» **DESCRIPTION OF THE TASK**:
Wherever a picture appears in the listing below, leave it out and reproduce the rest exactly.

» **SUPPLIED INFORMATION**:
■ ■ ■

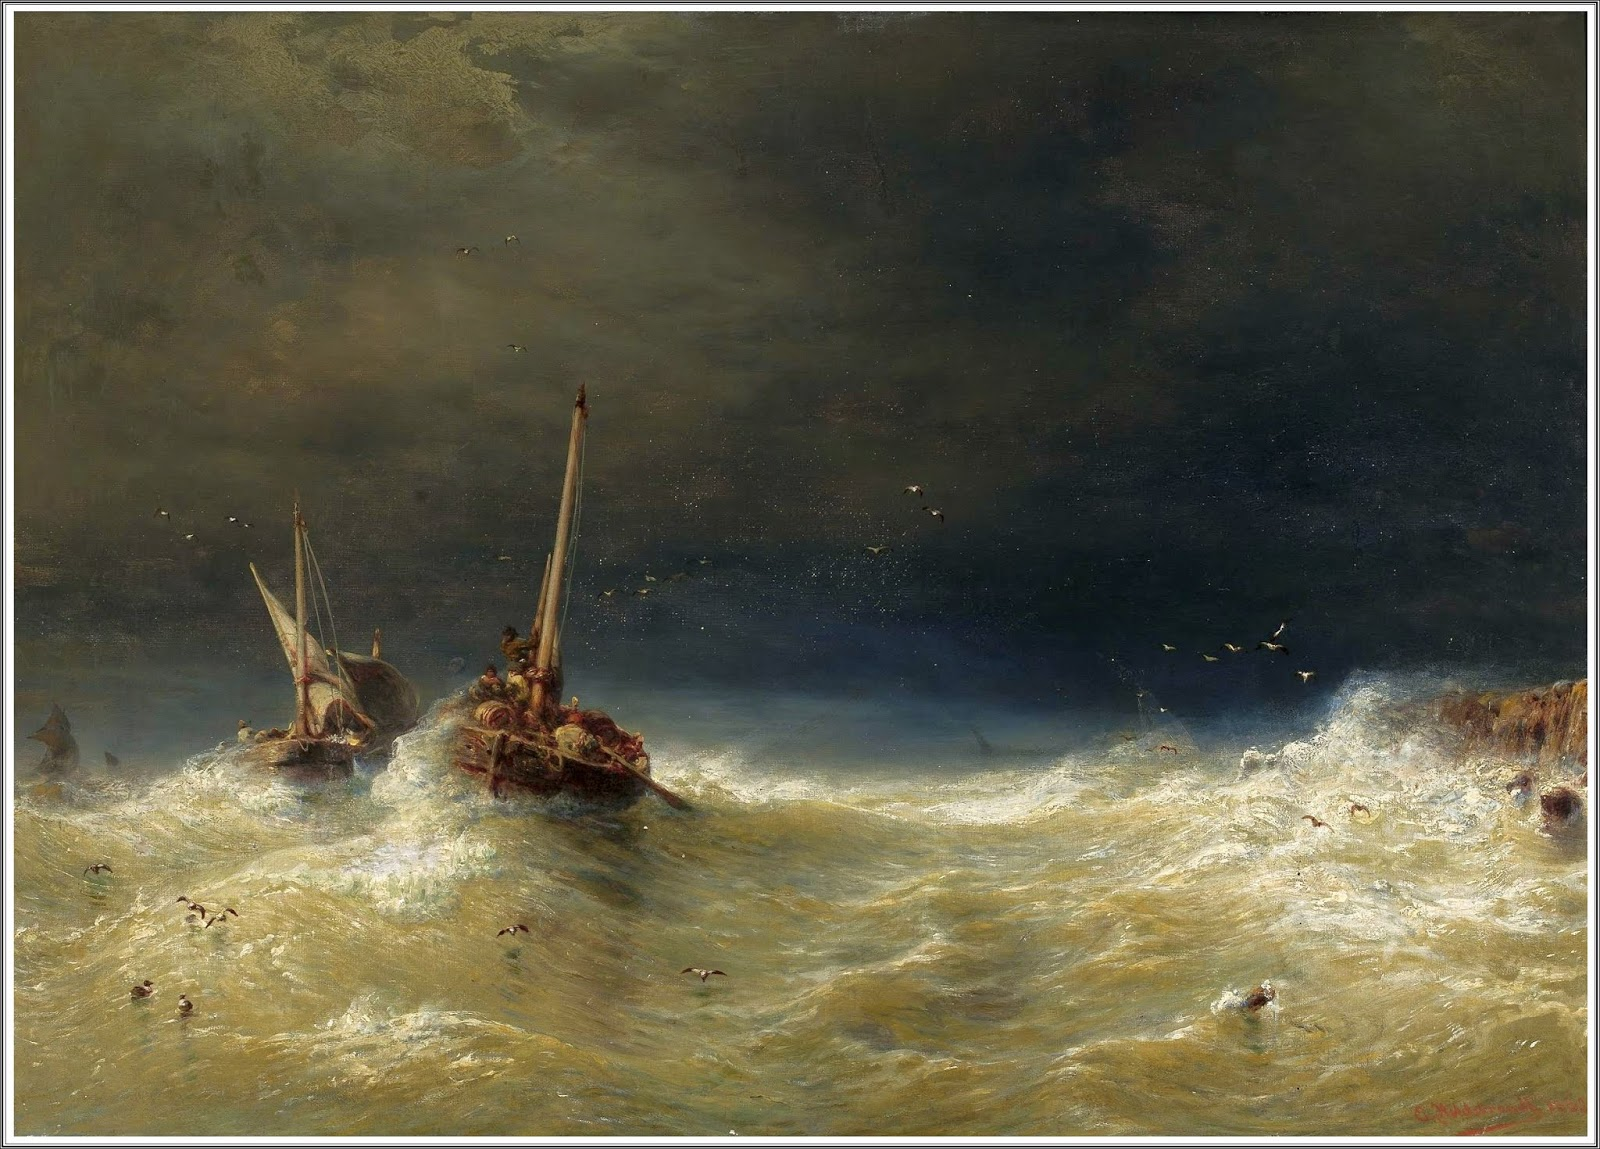 Mary Chaplin Artiste Peintre le prince lointain: eduard hildebrandt (1818-1869), tempête
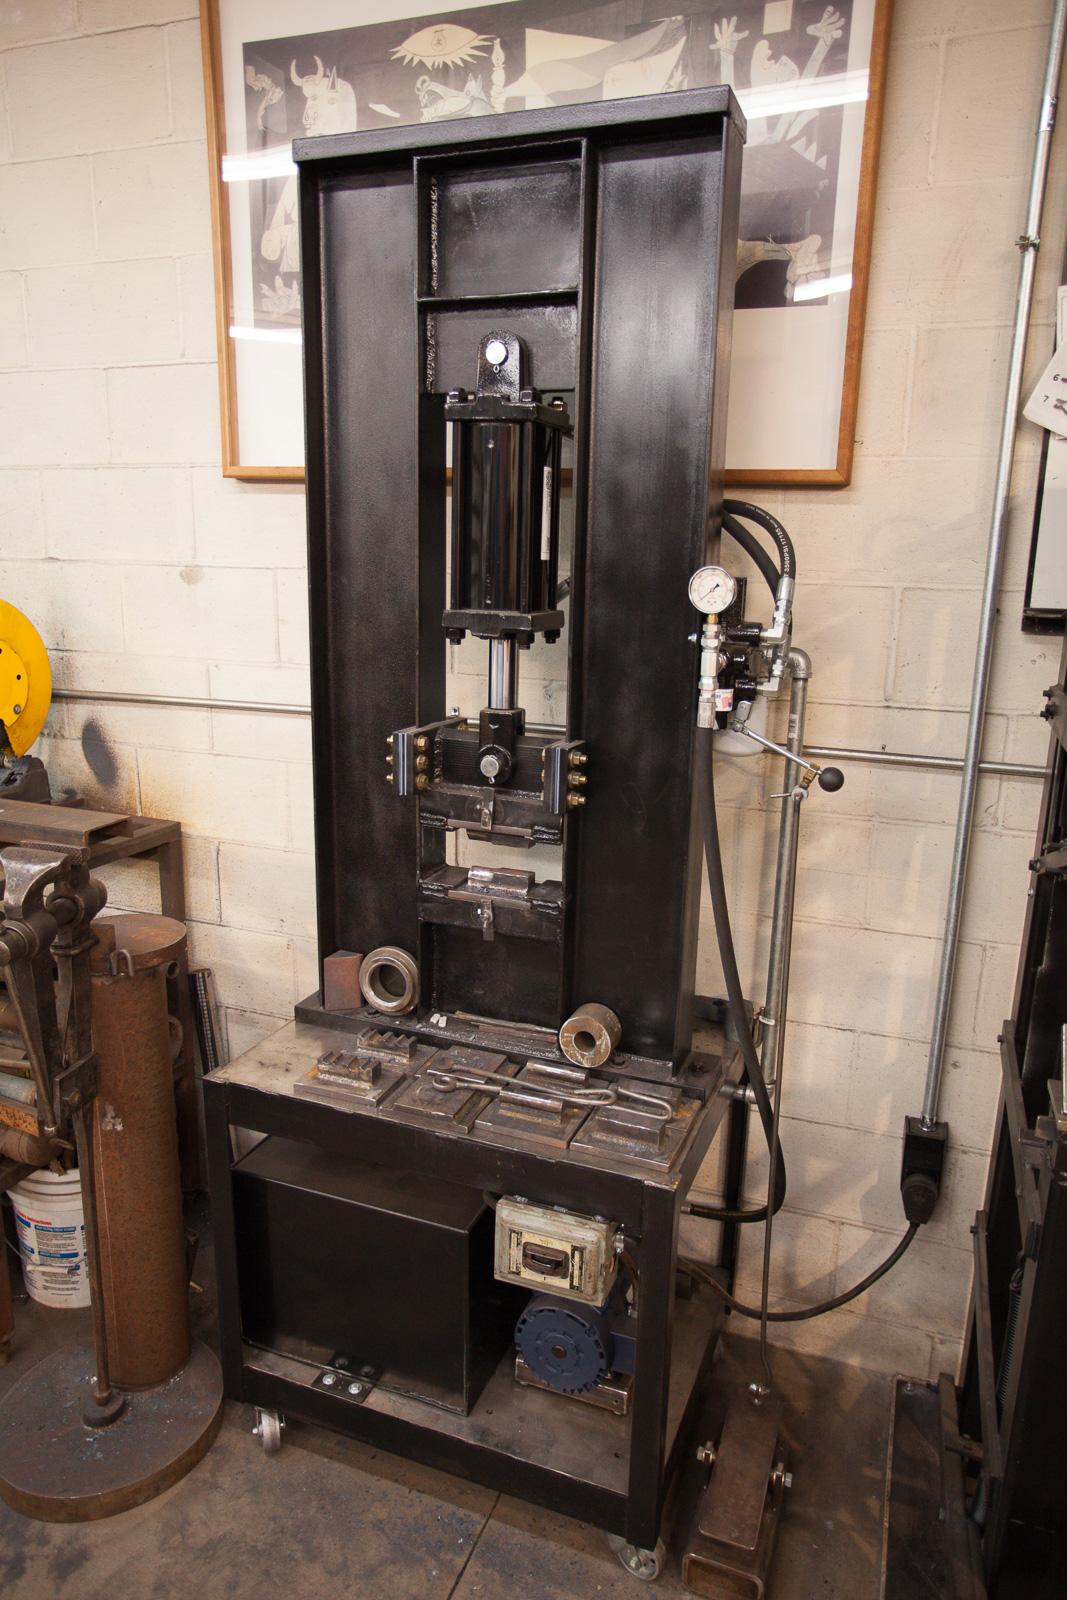 Hydraulic Press Build - Presses - Blacksmith Forums
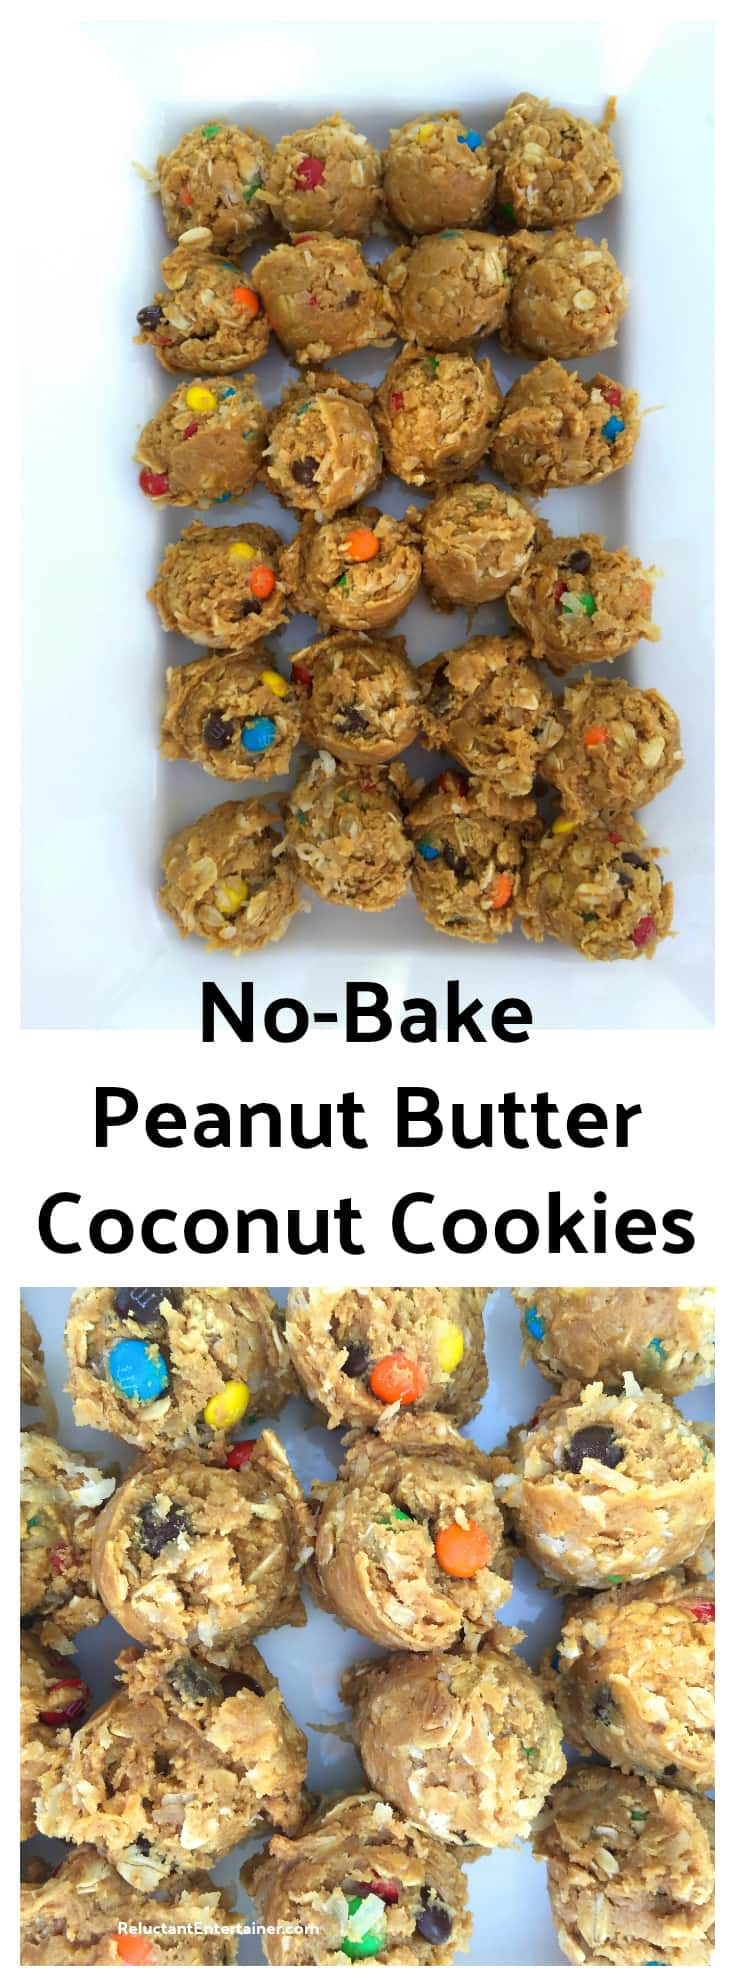 No-Bake Peanut Butter Coconut Cookies

■ ■ ■

» **RESPONSE TO THIS EXERCISE**:
 Mary Chaplin Artiste Peintre le prince lointain: eduard hildebrandt (1818-1869), tempête
 Hydraulic Press Build - Presses - Blacksmith Forums
 No-Bake Peanut Butter Coconut Cookies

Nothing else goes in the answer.